Using @filecache explicitly while autocache is on is safe — autocache is suppressed for that call so the result is written exactly once.

@memcache — in-memory session memoization

@memcache caches results in RAM for the duration of the current Julia session. No files are written; the cache is lost when Julia exits.

occs = @memcache pbdb_occurrences(base_name = "Canidae", show = "full")
taxa = @memcache pbdb_taxa(name = "Dinosauria")

PaleobiologyDB.memcache_clear!()   # discard all in-memory cached results

Autocache-enabled functions

All 29 PBDB API functions and the two PhyloPic enrichment functions support set_autocaching!. Pass the function itself as the second argument to target a specific function, or omit it to affect all of them at once.

PBDB API functions

Each function caches by its endpoint path plus the full set of keyword arguments.

CategoryFunctions
Occurrencespbdb_occurrence, pbdb_occurrences, pbdb_ref_occurrences
Collectionspbdb_collection, pbdb_collections, pbdb_collections_geo, pbdb_ref_collections
Taxapbdb_taxon, pbdb_taxa, pbdb_taxa_auto, pbdb_ref_taxa, pbdb_opinions_taxa
Intervalspbdb_interval, pbdb_intervals
Scalespbdb_scale, pbdb_scales
Stratapbdb_strata, pbdb_strata_auto
Referencespbdb_reference, pbdb_references
Specimenspbdb_specimen, pbdb_specimens, pbdb_ref_specimens, pbdb_measurements
Opinionspbdb_opinion, pbdb_opinions
Configpbdb_config

PhyloPic enrichment functions

acquire_phylopic and augment_phylopic (from PaleobiologyDB.Taxonomy) are also autocache-enabled. The cache operates at the per-taxon-name level rather than the whole-DataFrame level: each unique taxon name is cached independently, keyed on (taxon_name, phylopic_build).

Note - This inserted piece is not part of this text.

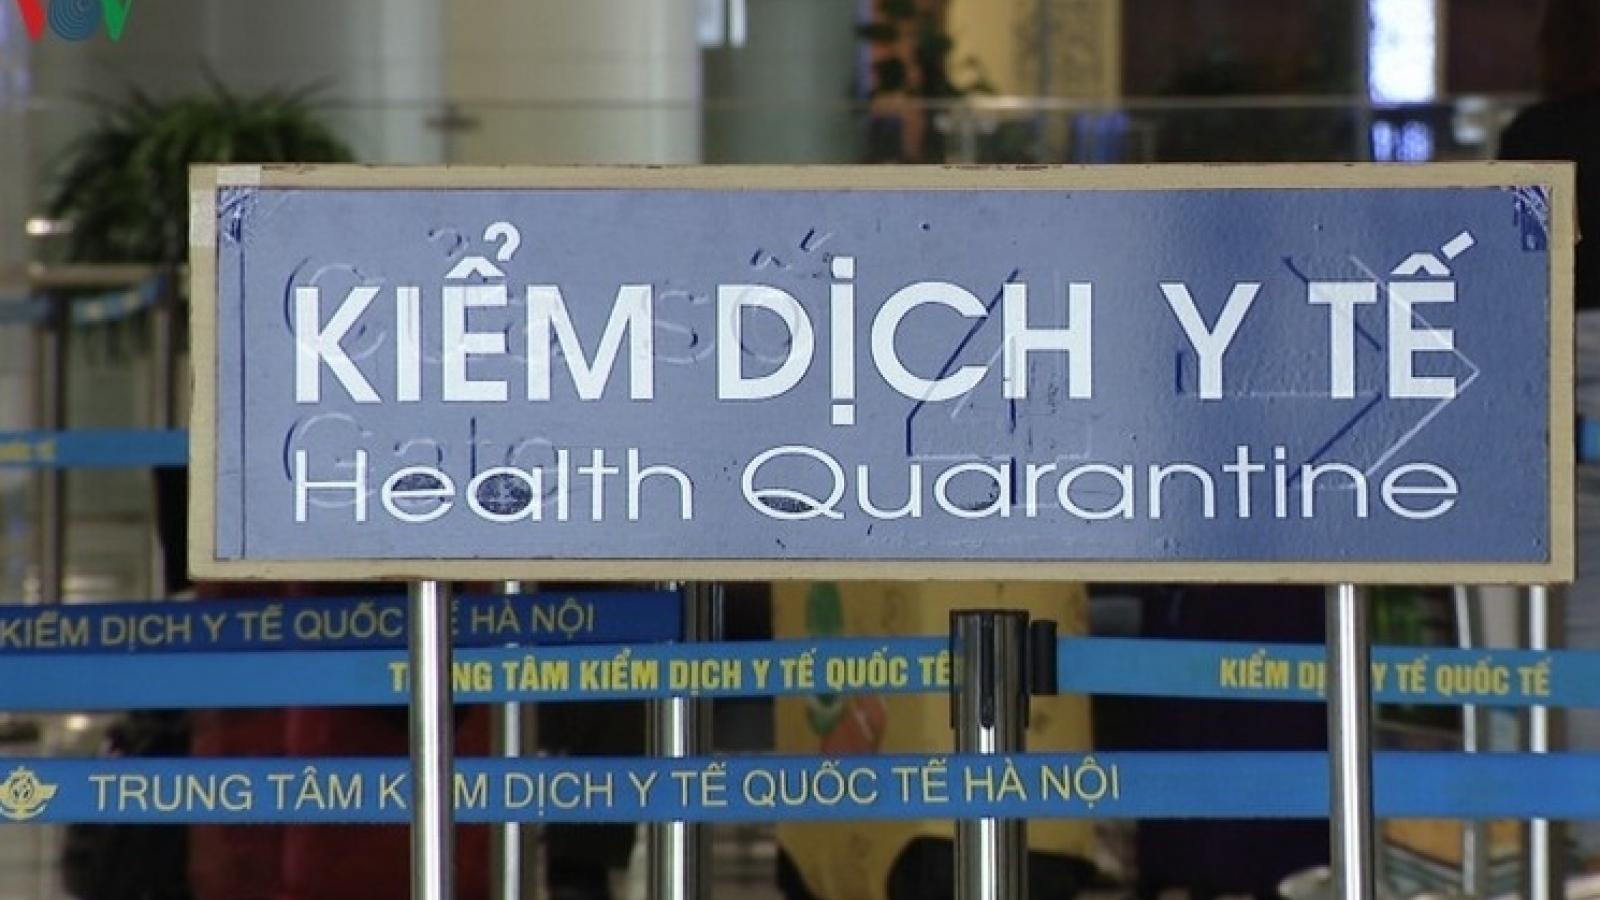 Việt Nam có thêm 3 ca mắc COVID-19 nhập cảnh là người Trung Quốc và Ấn Độ

This means two DataFrames that share taxa produce zero redundant network requests on the second call, regardless of how many rows they have or how the rows are ordered.

Important: both acquire_phylopic and augment_phylopic are controlled through the same acquire_phylopic function reference, because the per-taxon cache is wired inside the shared internal pipeline. To enable caching for either or both, pass acquire_phylopic:

using PaleobiologyDB, PaleobiologyDB.Taxonomy

# Enable per-taxon caching for all PhyloPic lookups
PaleobiologyDB.set_autocaching!(true, acquire_phylopic)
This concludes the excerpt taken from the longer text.